#### Problem description:
Starting at the line that contains "Exos produced by Frequency - Página trasera", output each line exactly as written through the end of the listing below, but leave out the pictures.

#### Supplied data:
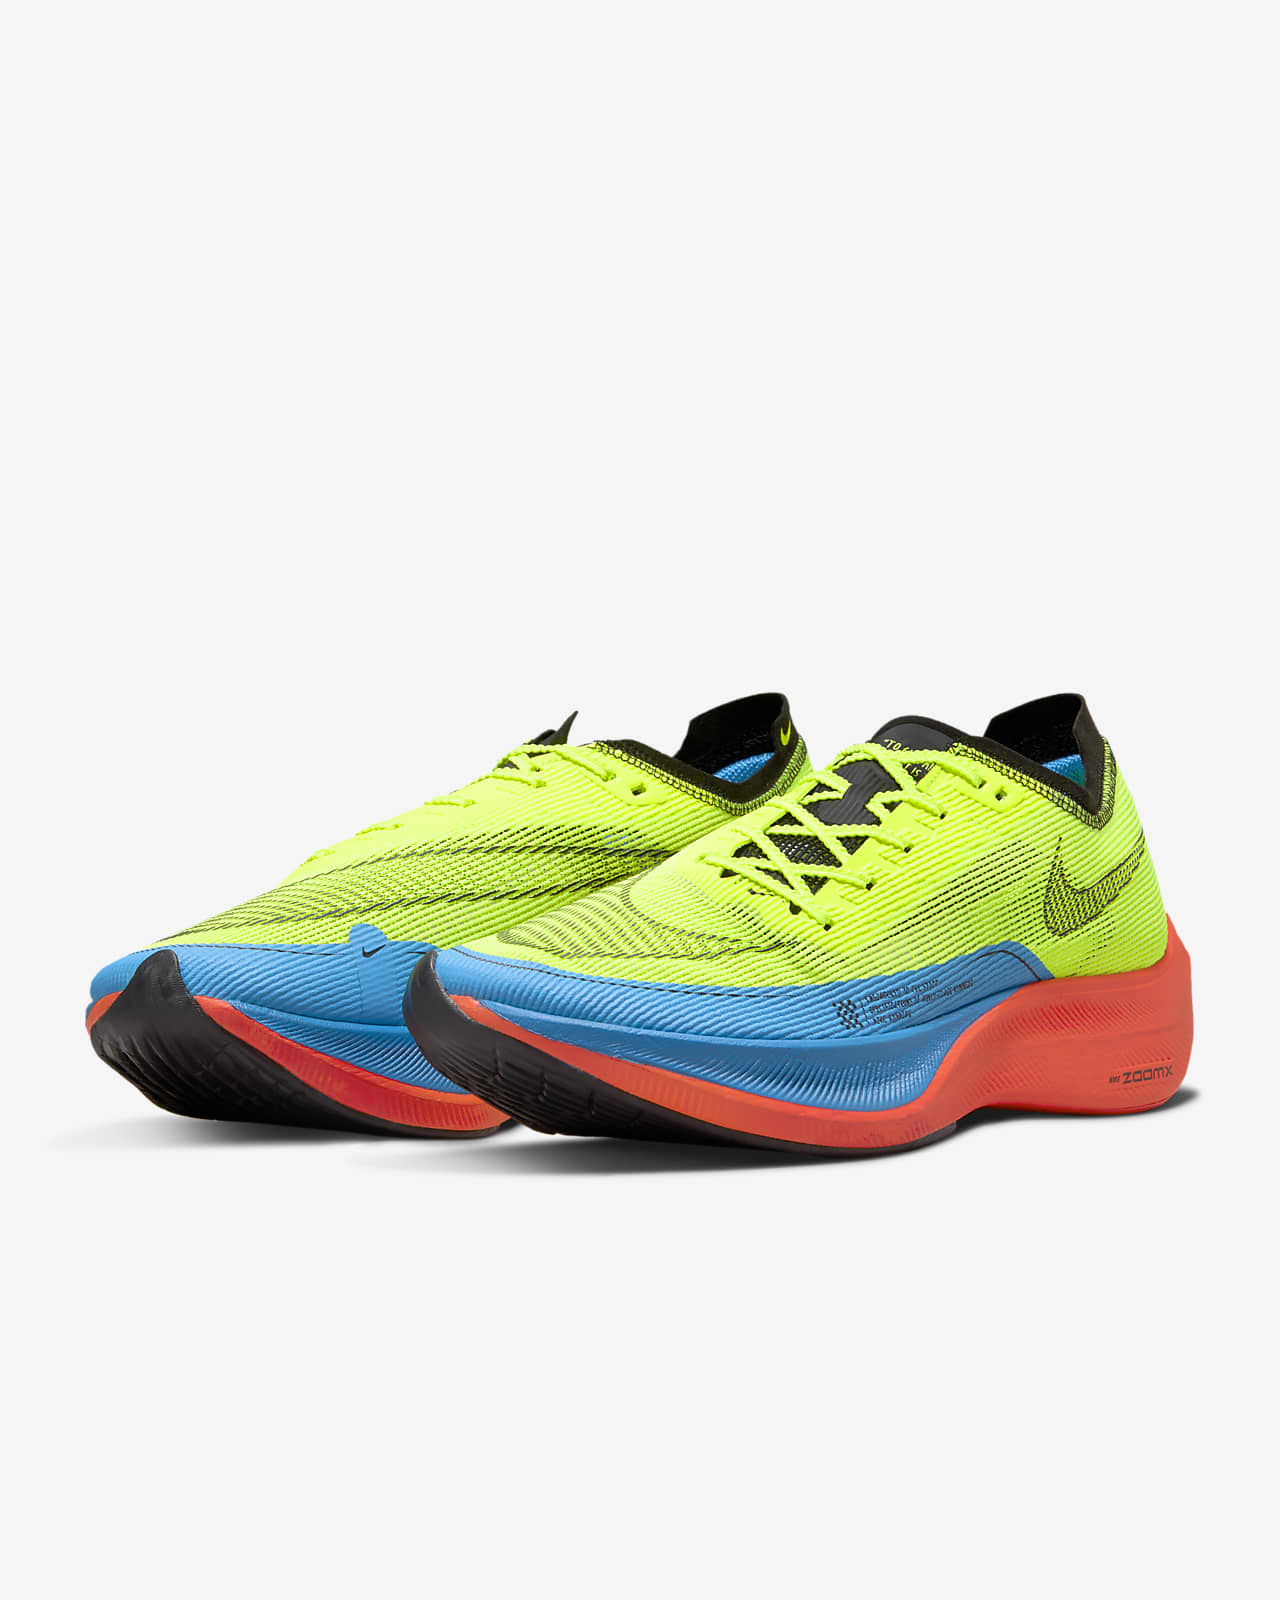 Nike Vaporfly 2 Men's Road Racing Shoes.
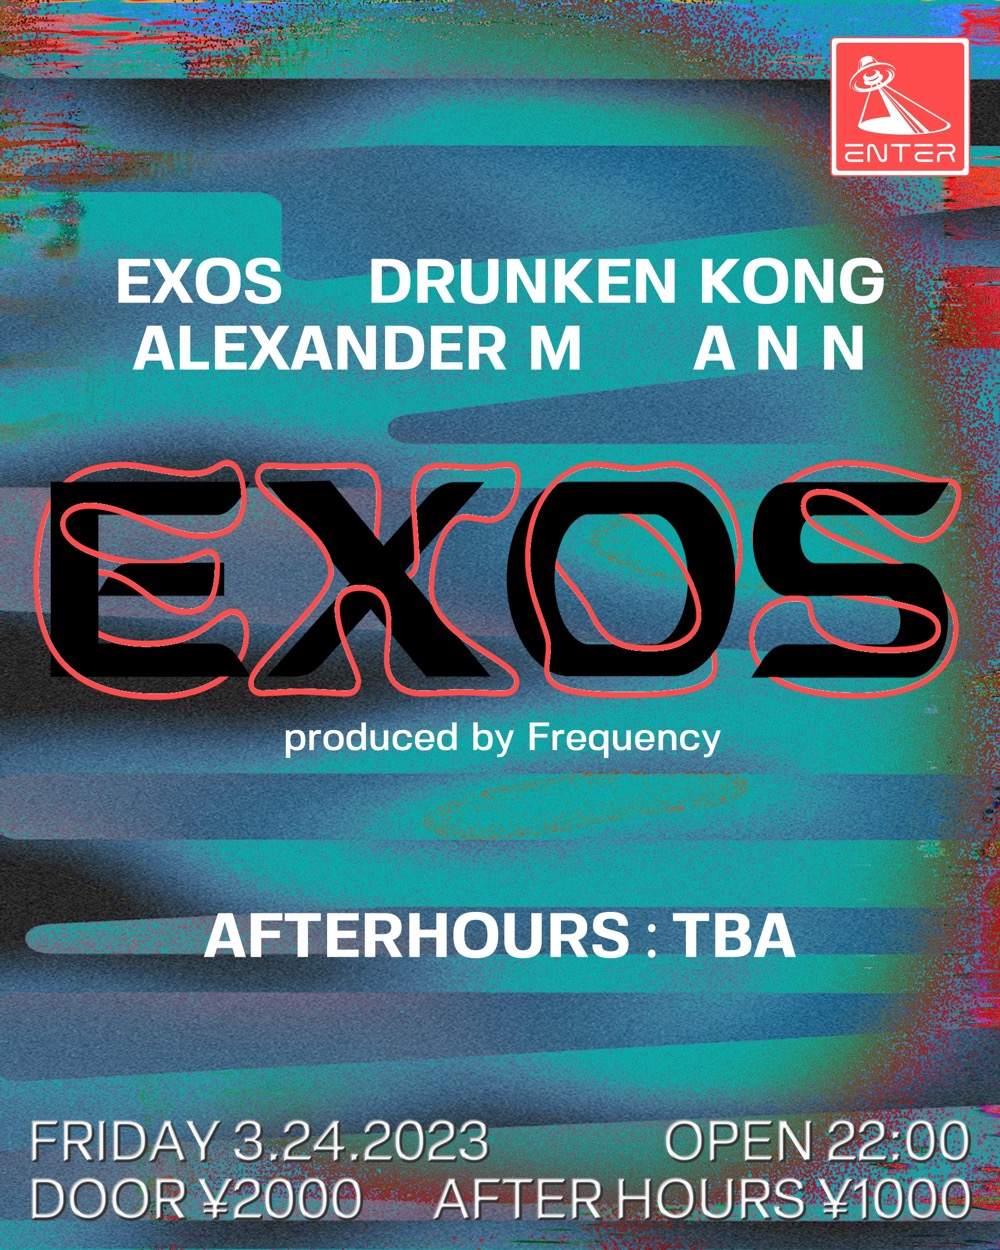 Exos produced by Frequency - Página trasera
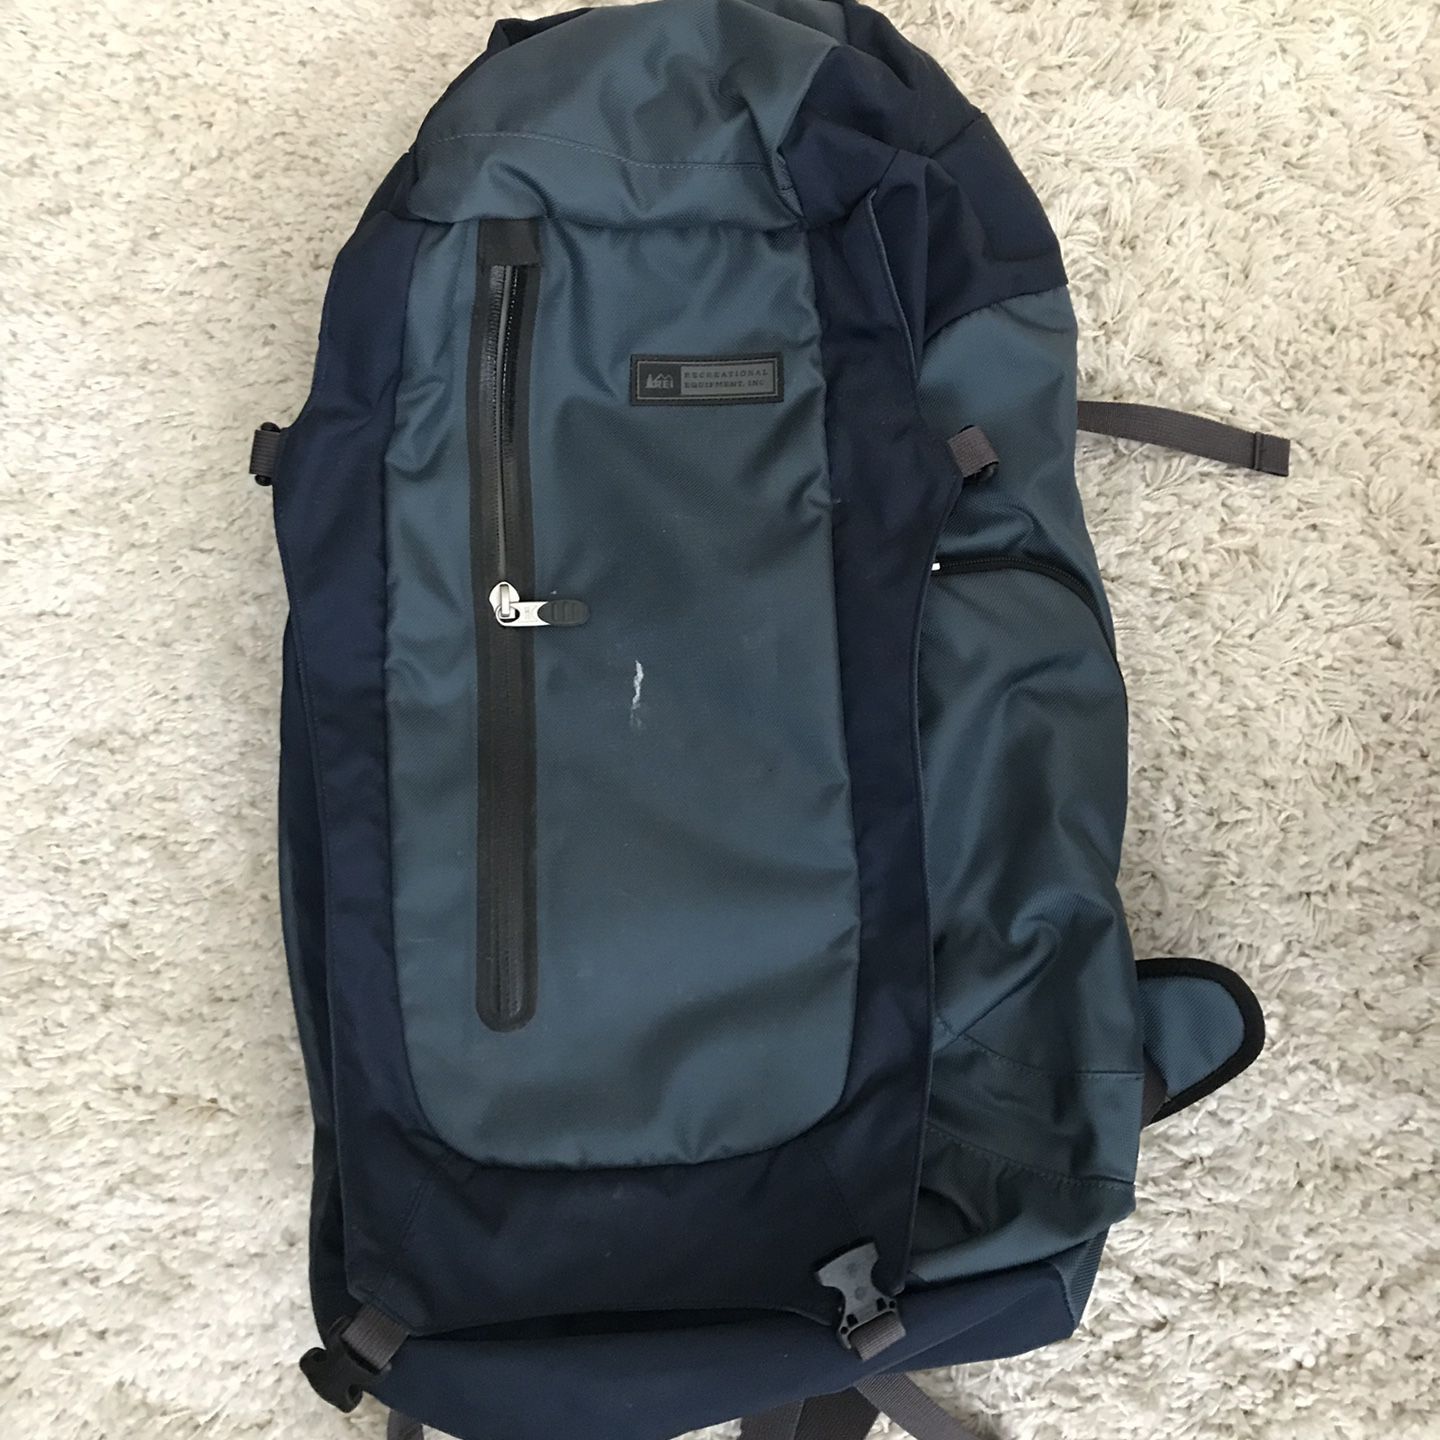 REI vagabond backpack

#### Response:
 Exos produced by Frequency - Página trasera
 REI vagabond backpack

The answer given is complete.